Although either the source or the destination character set ID can be specified as OCI_UTF16ID, the length of the original and the converted data is represented in bytes, rather than number of characters. Note that the conversion does not stop when it encounters null data. To get the character set ID from the character set name, use OCINlsCharSetNameToId(). To check if derived data in the destination buffer contains replacement characters, use OCICharSetConversionIsReplacementUsed(). The buffers should be aligned with the byte boundaries appropriate for the character sets. For example, the ub2 datatype should be used to hold strings in UTF-16.

Returns

OCI_SUCCESS or OCI_ERROR; number of bytes converted

OCIUnicodeToCharSet()

Purpose

Converts a Unicode string to a multibyte string into an array.

Syntax

sword OCIUnicodeToCharSet ( dvoid       *hndl, 
                            OraText     *dst, 
                            size_t      dstlen, 
                            CONST ub2   *src, 
                            size_t      srclen, 
                            size_t      *rsize );

Parameters

hndl (IN/OUT): Pointer to an OCI environment or user session handle.
dst (OUT): Pointer to a destination buffer.
dstlen (IN): The size of destination buffer in bytes.
src (IN): Pointer to a Unicode string.
srclen (IN): The size of the source string in characters.
rsize (OUT): The number of bytes converted. If it is a NULL pointer, then nothing is returned.

Comments

The conversion stops when it reaches the source limitation or destination limitation. The function returns the number of bytes converted into a multibyte string. If dstlen is zero, then the function returns the number of bytes into rsize without conversion.
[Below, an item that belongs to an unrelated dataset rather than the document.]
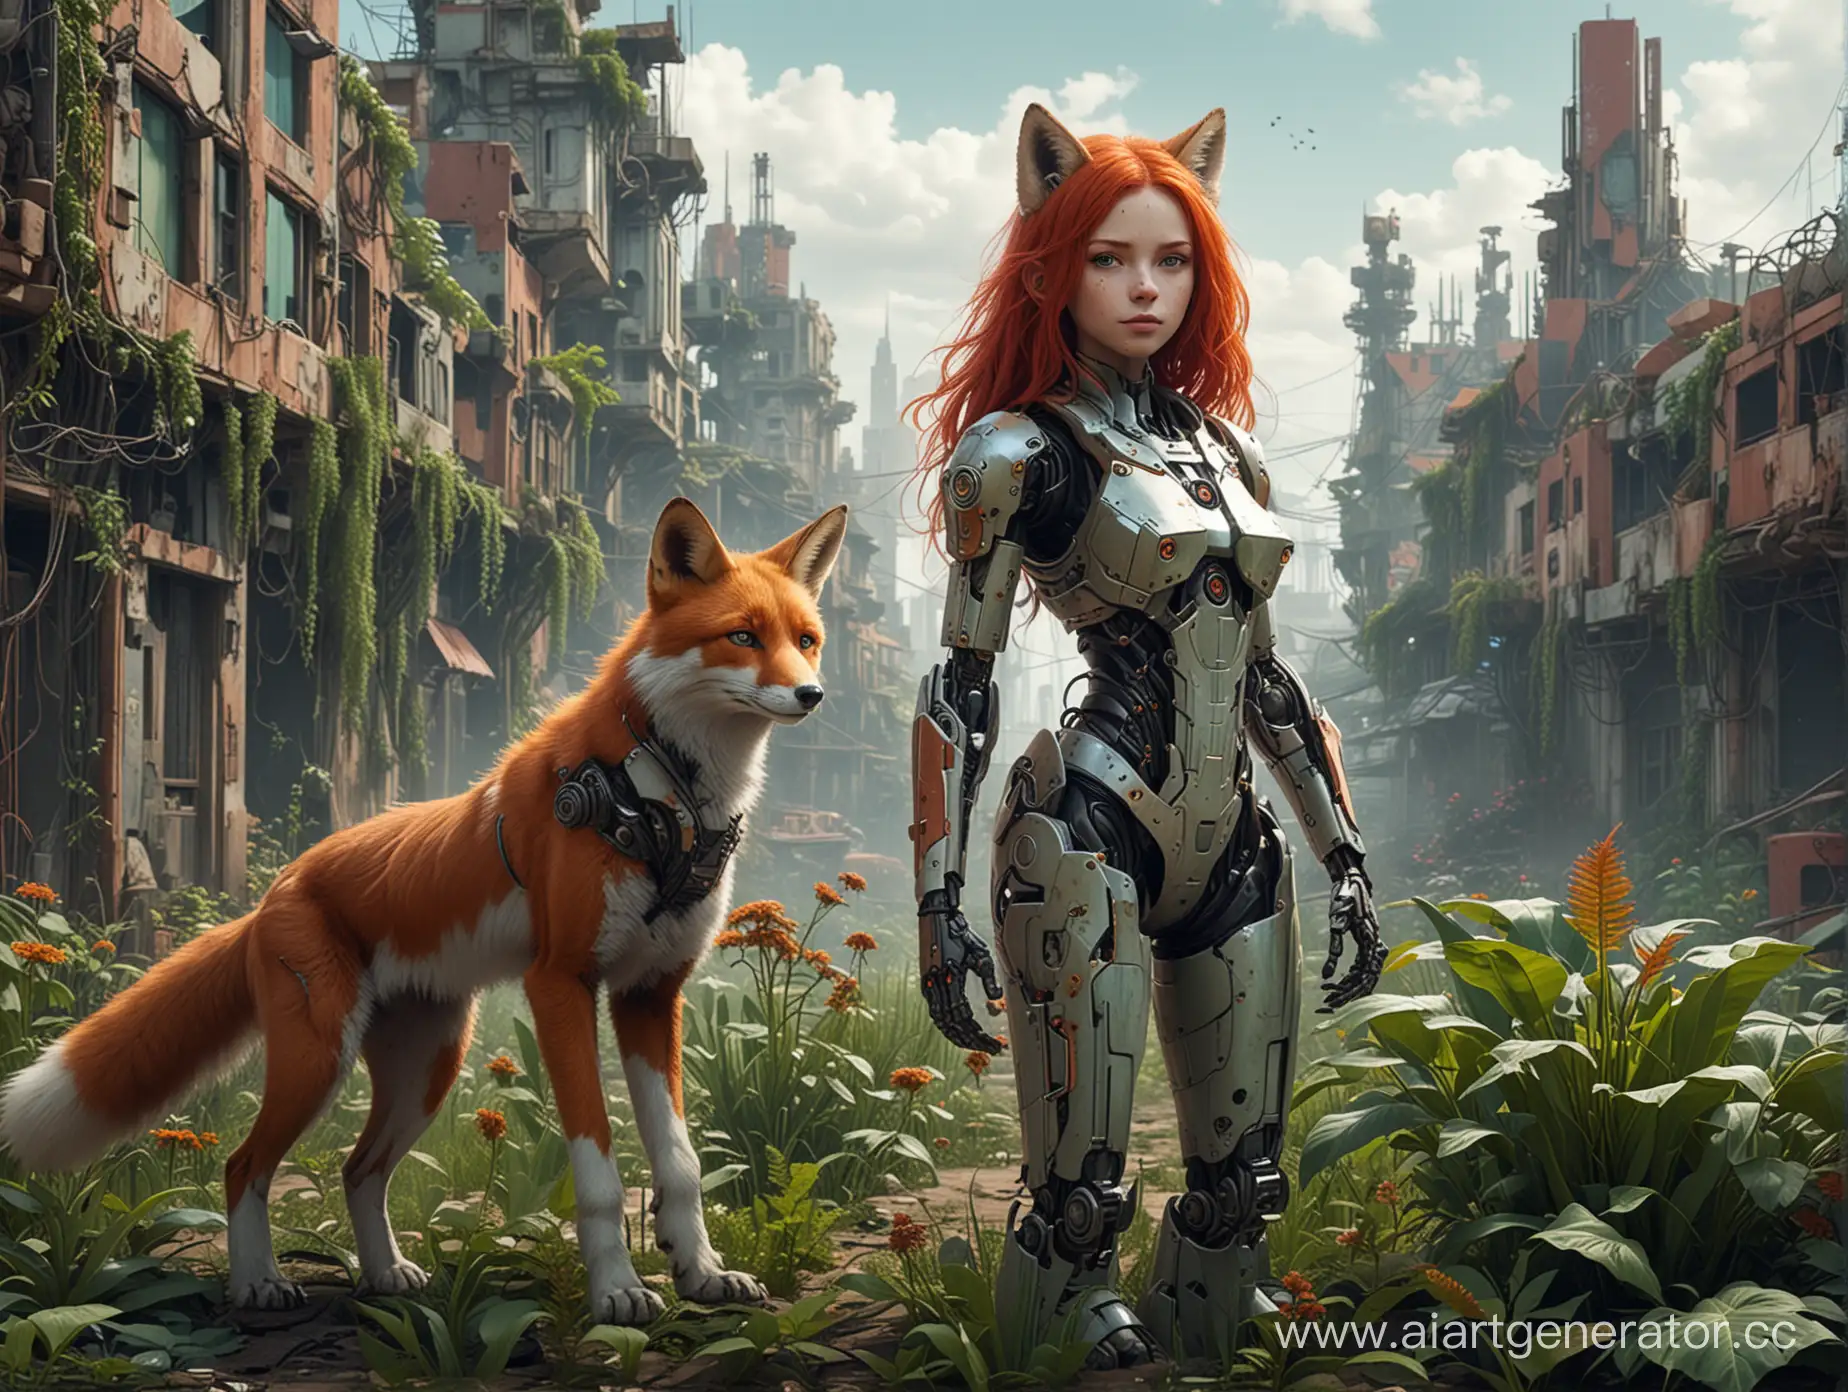 Overgrown-Cityscape-with-RedHaired-Cyborg-Girl-and-Robot-Fox-Companion

If a Unicode character is not convertible for the character set specified in OCI environment or user session handle, then a replacement character is used. In this case, OCICharsetConversionIsReplacementUsed() returns TRUE.

If OCI_UTF16ID is specified for SQL CHAR data in the OCIEnvNlsCreate() function, then this function produces an error.

Returns

OCI_SUCCESS, OCI_INVALID_HANDLE. or OCI_ERROR.